MATERIAL FOR THE TASK: Begin

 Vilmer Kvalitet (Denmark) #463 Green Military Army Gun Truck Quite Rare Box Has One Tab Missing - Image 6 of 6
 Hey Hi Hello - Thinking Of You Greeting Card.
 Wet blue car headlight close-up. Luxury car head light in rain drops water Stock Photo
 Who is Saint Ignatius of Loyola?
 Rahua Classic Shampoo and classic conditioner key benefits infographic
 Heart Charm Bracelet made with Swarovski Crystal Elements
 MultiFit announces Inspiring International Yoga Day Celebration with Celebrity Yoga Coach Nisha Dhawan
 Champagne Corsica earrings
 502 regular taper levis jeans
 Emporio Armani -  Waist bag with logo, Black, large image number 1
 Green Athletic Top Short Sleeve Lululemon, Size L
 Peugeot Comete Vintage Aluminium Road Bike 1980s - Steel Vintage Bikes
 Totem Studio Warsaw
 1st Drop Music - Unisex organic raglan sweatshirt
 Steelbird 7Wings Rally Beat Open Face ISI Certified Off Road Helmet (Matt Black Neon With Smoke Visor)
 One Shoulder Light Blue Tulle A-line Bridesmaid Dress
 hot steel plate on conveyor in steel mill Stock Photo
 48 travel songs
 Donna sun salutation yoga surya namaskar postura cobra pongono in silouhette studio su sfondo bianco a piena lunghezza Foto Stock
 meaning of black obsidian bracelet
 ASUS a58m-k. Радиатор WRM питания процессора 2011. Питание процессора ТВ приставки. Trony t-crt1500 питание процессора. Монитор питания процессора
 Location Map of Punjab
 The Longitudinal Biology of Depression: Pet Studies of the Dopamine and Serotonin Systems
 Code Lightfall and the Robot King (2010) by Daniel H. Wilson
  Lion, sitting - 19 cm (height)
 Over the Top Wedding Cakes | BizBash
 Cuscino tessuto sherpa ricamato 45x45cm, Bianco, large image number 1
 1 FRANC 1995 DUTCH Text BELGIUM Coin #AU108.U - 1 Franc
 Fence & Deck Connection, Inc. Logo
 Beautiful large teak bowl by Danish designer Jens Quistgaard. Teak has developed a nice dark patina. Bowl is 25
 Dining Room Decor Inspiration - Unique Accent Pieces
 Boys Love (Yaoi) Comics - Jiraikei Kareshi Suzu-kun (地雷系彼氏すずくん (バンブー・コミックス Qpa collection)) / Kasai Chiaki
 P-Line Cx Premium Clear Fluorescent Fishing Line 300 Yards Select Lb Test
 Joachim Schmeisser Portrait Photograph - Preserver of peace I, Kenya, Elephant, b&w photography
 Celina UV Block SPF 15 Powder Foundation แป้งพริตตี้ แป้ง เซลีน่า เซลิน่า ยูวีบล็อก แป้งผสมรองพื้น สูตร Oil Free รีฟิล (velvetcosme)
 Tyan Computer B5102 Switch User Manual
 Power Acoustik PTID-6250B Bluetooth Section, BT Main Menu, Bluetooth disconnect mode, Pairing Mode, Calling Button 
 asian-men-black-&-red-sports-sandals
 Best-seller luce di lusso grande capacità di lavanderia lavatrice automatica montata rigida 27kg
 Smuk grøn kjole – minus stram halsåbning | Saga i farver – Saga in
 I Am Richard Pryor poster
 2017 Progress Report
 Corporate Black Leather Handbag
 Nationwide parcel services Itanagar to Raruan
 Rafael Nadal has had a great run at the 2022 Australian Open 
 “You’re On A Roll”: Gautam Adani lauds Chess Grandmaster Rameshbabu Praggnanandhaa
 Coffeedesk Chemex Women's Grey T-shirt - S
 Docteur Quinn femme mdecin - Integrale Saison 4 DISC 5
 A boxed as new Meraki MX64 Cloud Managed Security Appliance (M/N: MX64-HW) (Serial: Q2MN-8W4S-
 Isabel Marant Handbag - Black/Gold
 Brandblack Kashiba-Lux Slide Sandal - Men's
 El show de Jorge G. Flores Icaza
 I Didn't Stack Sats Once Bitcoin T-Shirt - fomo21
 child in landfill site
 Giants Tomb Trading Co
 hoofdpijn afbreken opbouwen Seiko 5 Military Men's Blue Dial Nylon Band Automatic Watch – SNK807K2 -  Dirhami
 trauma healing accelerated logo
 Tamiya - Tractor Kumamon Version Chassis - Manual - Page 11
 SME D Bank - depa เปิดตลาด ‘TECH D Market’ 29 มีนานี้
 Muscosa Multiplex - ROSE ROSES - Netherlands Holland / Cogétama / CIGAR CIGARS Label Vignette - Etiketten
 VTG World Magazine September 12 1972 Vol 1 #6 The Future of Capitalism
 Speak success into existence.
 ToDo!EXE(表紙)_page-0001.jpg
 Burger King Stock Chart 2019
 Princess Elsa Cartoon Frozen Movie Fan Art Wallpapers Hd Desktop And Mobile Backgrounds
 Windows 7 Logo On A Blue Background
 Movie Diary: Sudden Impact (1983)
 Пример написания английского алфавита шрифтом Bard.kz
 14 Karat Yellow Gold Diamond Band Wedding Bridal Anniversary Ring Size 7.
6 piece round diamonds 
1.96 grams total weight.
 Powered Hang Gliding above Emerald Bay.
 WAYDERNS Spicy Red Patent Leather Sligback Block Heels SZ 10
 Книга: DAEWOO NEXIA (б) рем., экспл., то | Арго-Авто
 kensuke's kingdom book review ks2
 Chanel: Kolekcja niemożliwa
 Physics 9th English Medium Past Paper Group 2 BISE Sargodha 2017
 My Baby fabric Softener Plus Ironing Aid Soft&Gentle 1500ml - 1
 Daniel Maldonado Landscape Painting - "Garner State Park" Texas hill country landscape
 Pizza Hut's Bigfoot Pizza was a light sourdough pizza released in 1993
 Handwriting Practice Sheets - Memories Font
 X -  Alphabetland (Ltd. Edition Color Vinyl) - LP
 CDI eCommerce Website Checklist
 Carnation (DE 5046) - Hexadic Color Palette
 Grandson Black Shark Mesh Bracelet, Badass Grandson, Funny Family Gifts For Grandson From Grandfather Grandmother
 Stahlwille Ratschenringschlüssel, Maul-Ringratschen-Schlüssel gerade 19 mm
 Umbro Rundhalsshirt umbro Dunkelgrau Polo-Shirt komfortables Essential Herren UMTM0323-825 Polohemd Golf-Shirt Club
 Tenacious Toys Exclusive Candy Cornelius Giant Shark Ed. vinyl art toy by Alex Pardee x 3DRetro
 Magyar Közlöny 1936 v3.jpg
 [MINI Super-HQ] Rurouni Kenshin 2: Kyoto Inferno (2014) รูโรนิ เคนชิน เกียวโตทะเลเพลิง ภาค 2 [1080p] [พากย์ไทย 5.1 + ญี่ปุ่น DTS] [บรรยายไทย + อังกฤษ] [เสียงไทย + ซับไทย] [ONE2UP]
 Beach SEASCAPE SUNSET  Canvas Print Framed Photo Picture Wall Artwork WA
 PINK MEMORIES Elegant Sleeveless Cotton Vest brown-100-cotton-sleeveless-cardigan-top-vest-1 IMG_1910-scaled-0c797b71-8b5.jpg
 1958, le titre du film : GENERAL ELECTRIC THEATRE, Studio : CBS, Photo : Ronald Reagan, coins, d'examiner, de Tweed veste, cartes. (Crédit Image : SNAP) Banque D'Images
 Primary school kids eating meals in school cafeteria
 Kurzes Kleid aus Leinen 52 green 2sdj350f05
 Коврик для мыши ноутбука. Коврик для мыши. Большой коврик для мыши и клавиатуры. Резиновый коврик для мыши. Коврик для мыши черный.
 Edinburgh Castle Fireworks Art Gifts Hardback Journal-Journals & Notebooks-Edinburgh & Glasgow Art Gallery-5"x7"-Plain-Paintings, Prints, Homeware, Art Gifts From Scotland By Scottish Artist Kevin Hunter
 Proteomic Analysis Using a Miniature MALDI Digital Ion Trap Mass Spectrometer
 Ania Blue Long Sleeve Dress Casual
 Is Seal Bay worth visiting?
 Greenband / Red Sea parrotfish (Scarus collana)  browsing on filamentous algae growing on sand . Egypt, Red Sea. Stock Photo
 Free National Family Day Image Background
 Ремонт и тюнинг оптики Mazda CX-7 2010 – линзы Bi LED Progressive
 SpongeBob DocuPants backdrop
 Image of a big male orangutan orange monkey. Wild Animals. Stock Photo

MATERIAL FOR THE TASK: End

EXERCISE:
Lines after the one containing "Who is Saint Ignatius of Loyola?" are not part of the task. Output the entries exactly from their first line through that one.

ANSWER SECTION:
 Vilmer Kvalitet (Denmark) #463 Green Military Army Gun Truck Quite Rare Box Has One Tab Missing - Image 6 of 6
 Hey Hi Hello - Thinking Of You Greeting Card.
 Wet blue car headlight close-up. Luxury car head light in rain drops water Stock Photo
 Who is Saint Ignatius of Loyola?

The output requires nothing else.